You better double check on that plan because when a worker gets prior to turning 65, they will be contacted by the SS admin about turning 65 and medicare. If a retiree or worker turns down Medicare they automatically loose their Social Security Benefits. Double Check on that.
So the answer is try and deprive him of the benefits he has worked so hard for, keeping him from enjoying anything, so you can have it all to yourself when he dies? That's next level gold digger right there.
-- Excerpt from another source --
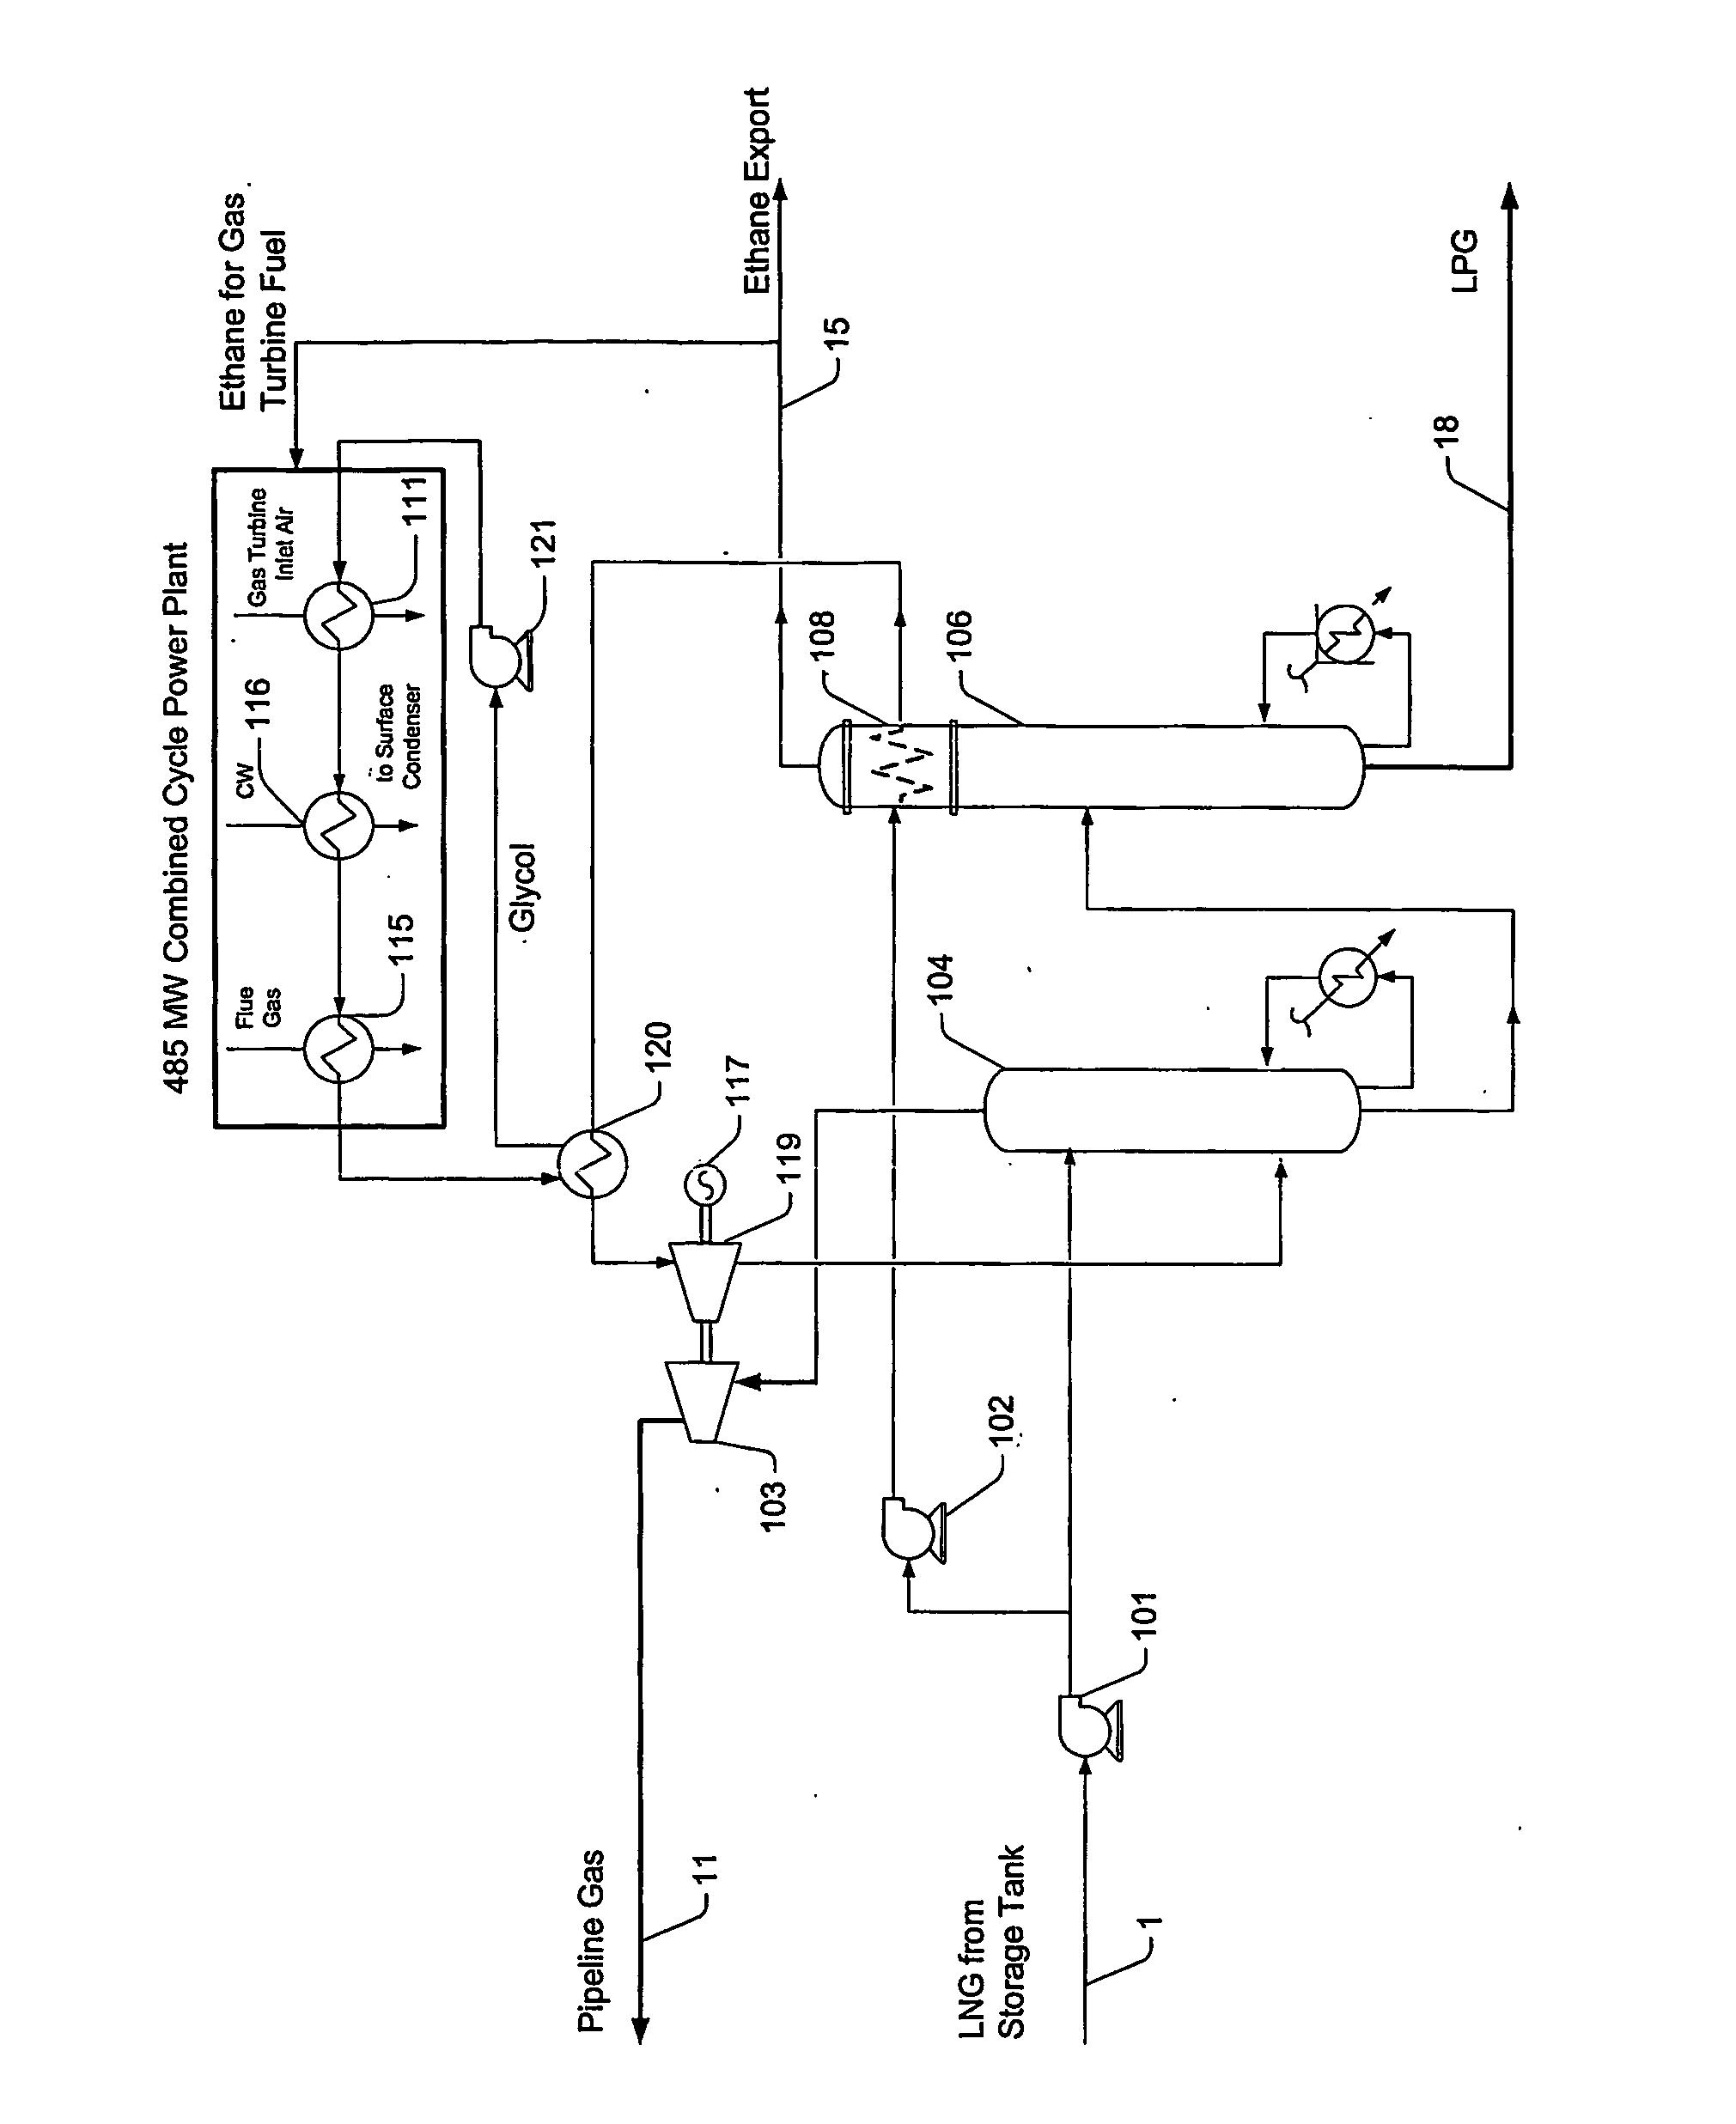 Liquefied natural gas regasification configuration and method
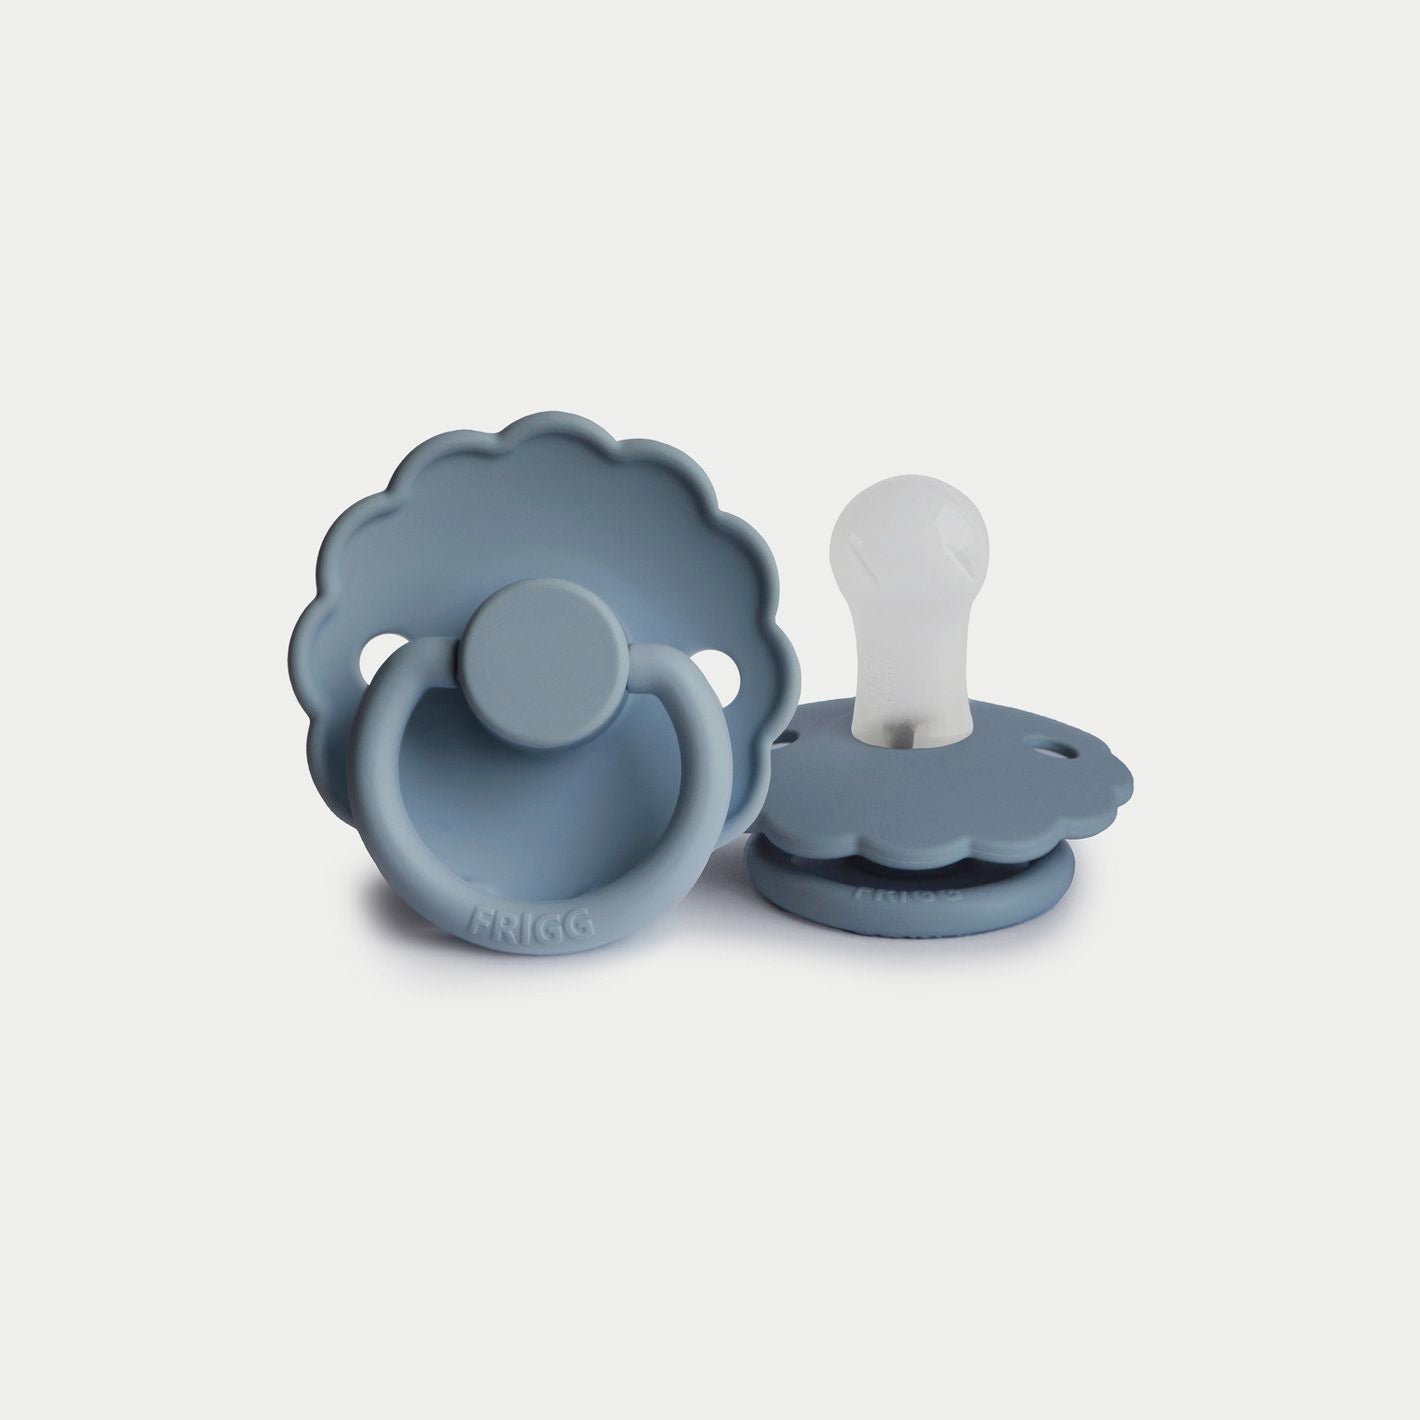 Frigg Daisy Silicone Baby Pacifier 6M-18M, 1Pack, Glacier Blue - Size 2 - Laadlee

Nope. Just have the conversation!!!!! These are the type of conversations married couples have. Maybe it's a life insurance policy. Maybe it's pensions--just have the conversation!
@@dawndarling2277 Nope. Just gold digger. We are only talking about retirement here not everything else. Life insurance never benefits the person that is covered. Those are completely different things.
@@IMCODERED That's not what I meant by life insurance! Just part of the conversation when you get this age. Gold digger if you are married for 50-60 years? That's hilarious!
@@dawndarling2277 What? You think 50yo can't be a gold digger?
@@IMCODERED I said 50-60 years of MARRIAGE! You can't collect SS at 50. 😁
If he stops working at 62 I didn’t think his SS would continue to grow. If it’s the last 35 years how does it grow if he stops working.
If a year he works in a higher than one of his highest 35 they replace it
There are calculators to compute how this affects SS. It’s not always significant enough to matter.